Pacific Science Center is an independent science center in Seattle with a mission to ignite curiosity and fuel a passion for discovery, experimentation, and critical thinking. Pacific Science Center serves more than 1 million visitors each year. It is located next to the Seattle Center and conducts programs at the Mercer Slough Environmental Education Center in Bellevue, Washington, and in communities and classrooms across the state of Washington.
Pacific Science Center also offers year-round youth, teen, family and adult programs, including summer camps in various Puget Sound locations, science-themed 21+ events and research weekends.
Pacific Science Center's outreach program, Science On Wheels, has a fleet of vans that bring hands-on science education to schools throughout the Pacific Northwest.
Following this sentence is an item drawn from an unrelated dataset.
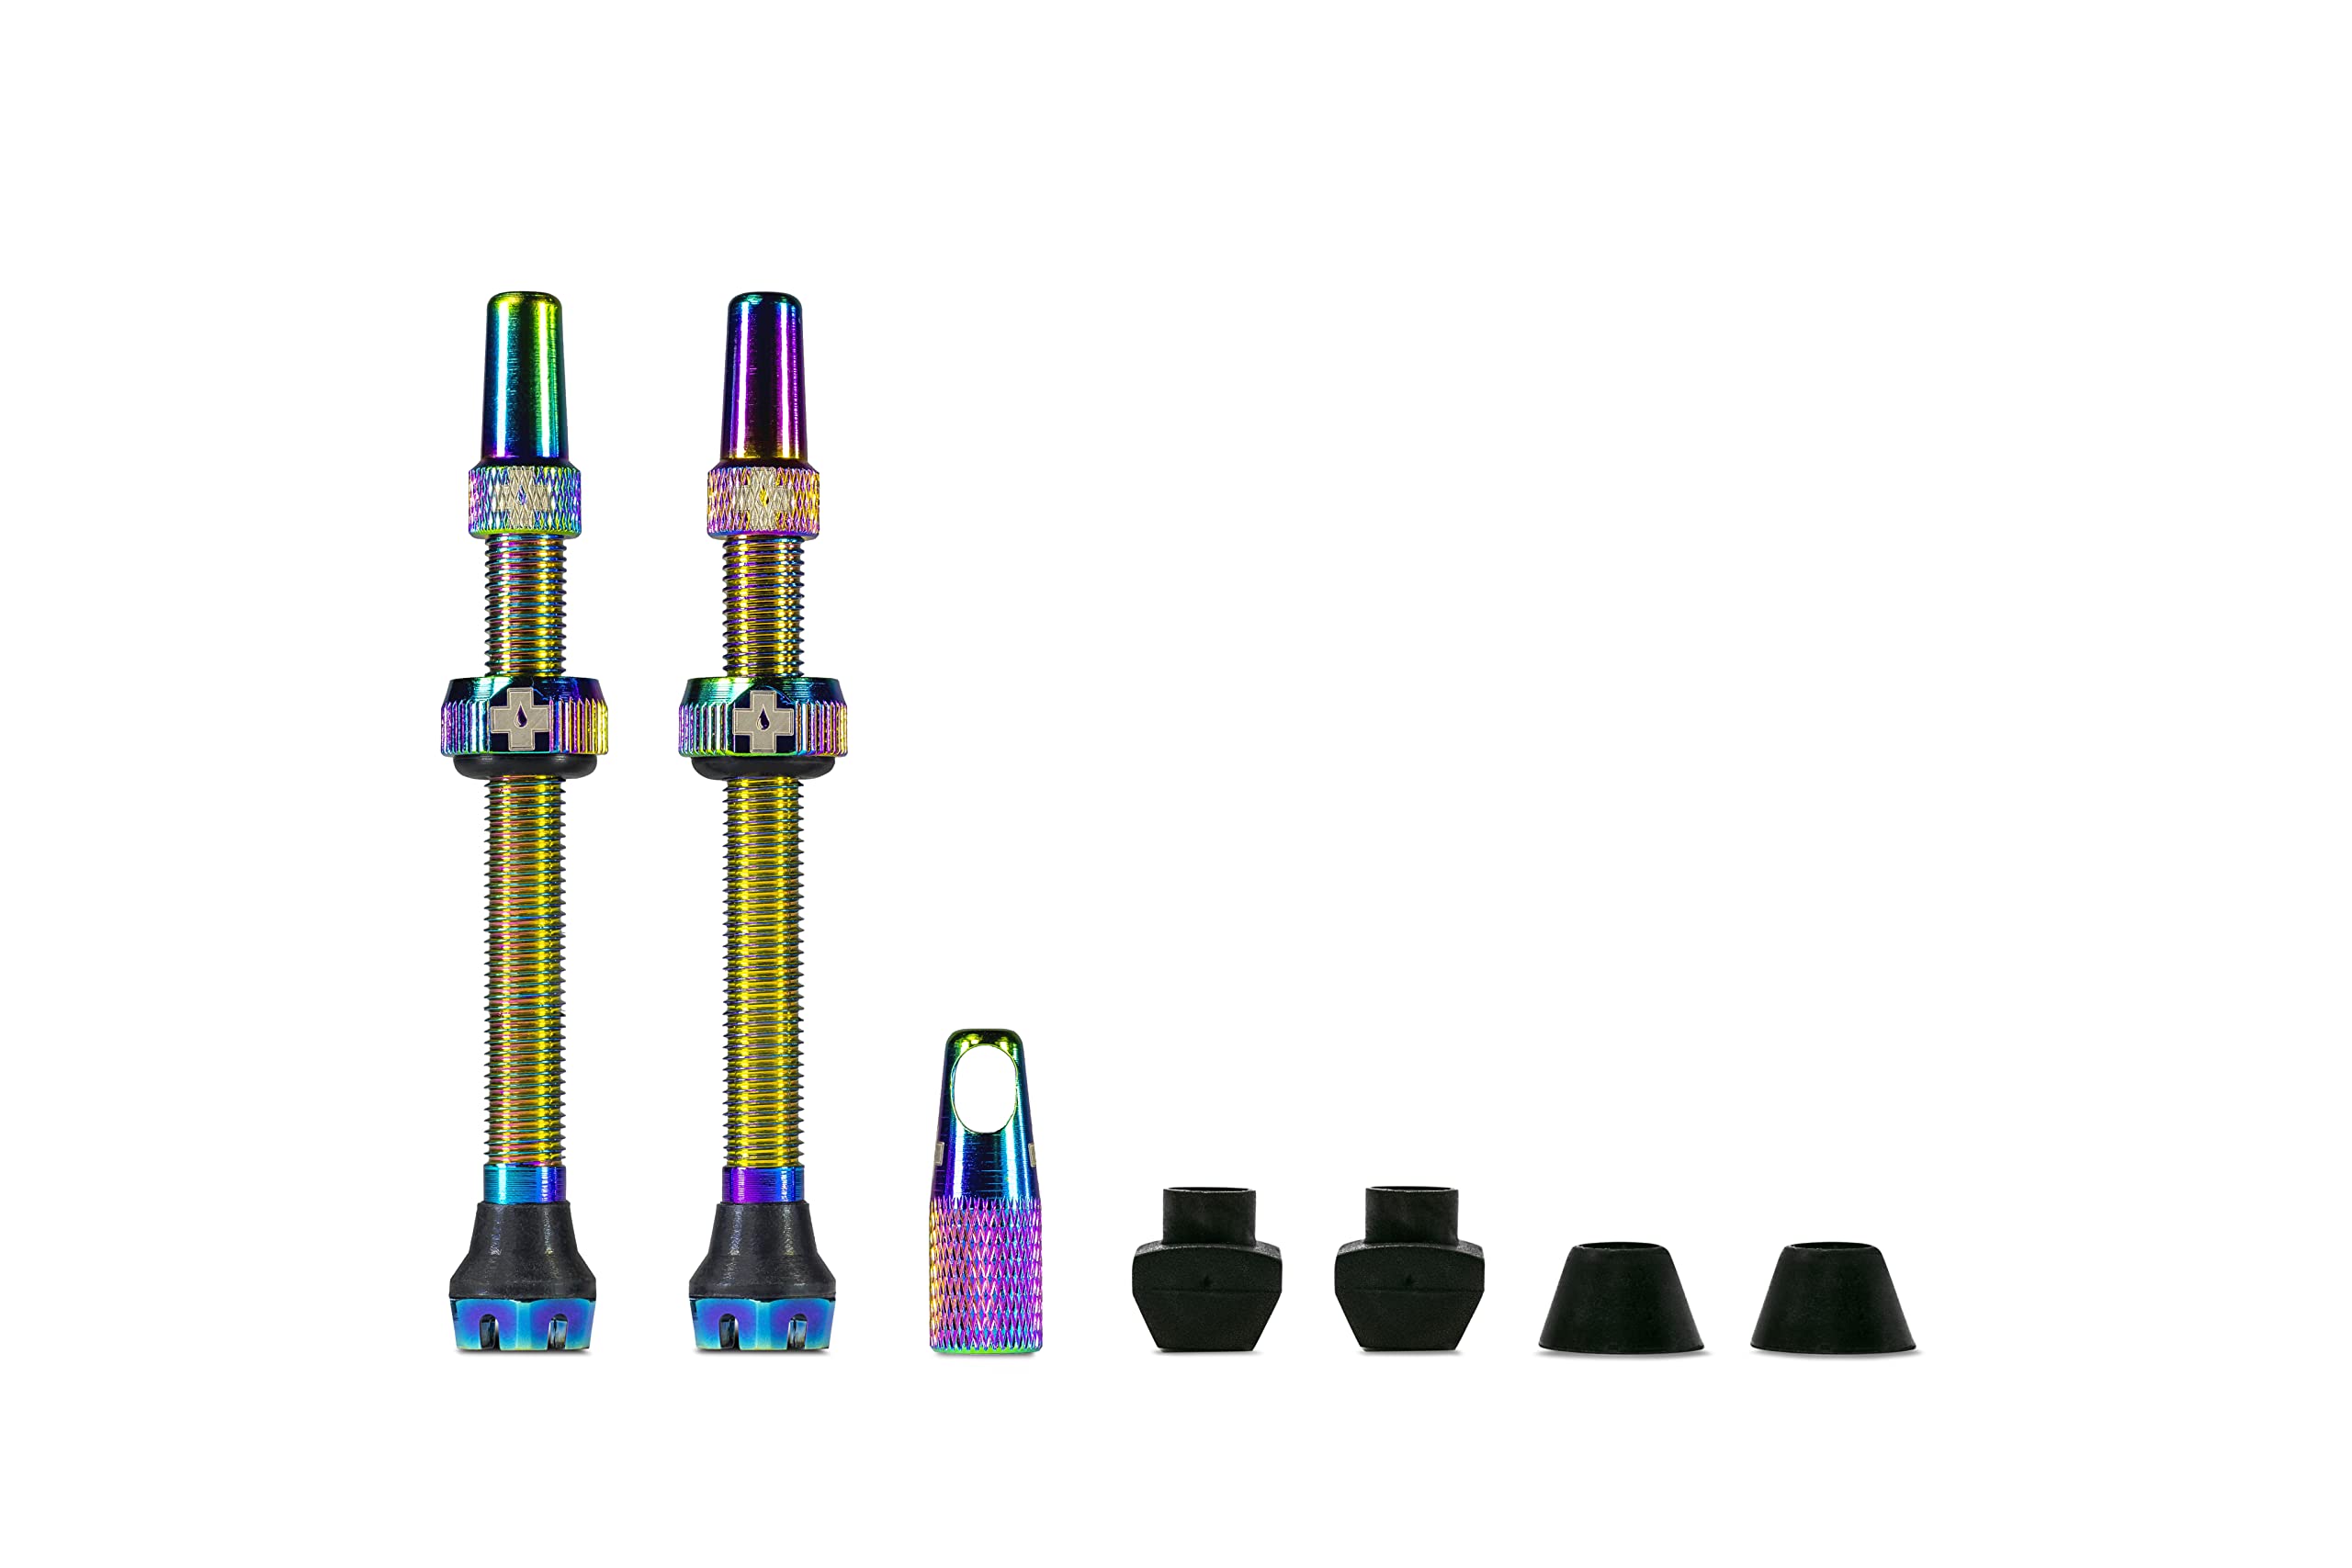 Muc-Off Regenbogenfarbige Presta Tubeless Ventile, 60 mm - Hochwertige Anti-Leck Fahrradventile mit integriertem Werkzeug zum Entfernen des Ventilkerns

The center's original buildings were the United States Science Pavilion designed by Minoru Yamasaki for the 1962 World’s Fair in Seattle. The World's Fair was set up into 5 major themed areas: the World of Science and the Worlds of Art, Entertainment, Commerce and Industry, and Tomorrow Located at the southernmost end of the fairgrounds and west of the Space Needle, the World of Science was located under the arches, an easily identifiable landmark of the Pacific Science Center.
The fountains located at the entrance of the center appeared in the movie It Happened at the World's Fair with Elvis Presley. After the World's Fair closed, the U.S. Science Pavilion was re-opened as Pacific Science Center. The land and buildings were leased for $1.00 a year by the City of Seattle until 2004 when the title deed was signed over and the Pacific Science Center Foundation officially took ownership.
Current exhibits remaining from the World's Fair are the Lens and Mirror Machine and a suspended model of the Earth's moon.
The Pacific Science Center complex was designed by Minoru Yamasaki who would be known later as the architect of the World Trade Center in New York City. The walls of each building, composed of many pre-cast concrete slabs, form an arch motif used by Yamasaki in a number of other buildings he has designed.
In 2013, Pacific Science Center put out a call for public art that demonstrated the use of solar energy. The resulting installation was designed by Seattle artist Dan Corson and involves five 33 ft tall sculptures of flowers, inspired by the Australian firewheel tree. The work is titled Sonic Bloom and generates electricity using solar panels mounted in the flower heads. The flowers hum when people approach them and light up at night.
Today Pacific Science Center is composed of eight buildings, including two IMAX theaters (one of only a few places in the world with more than one IMAX theater). The center also has one of the world's largest Laser Dome theaters, a tropical butterfly house, a planetarium, and hundreds of hands-on science exhibits.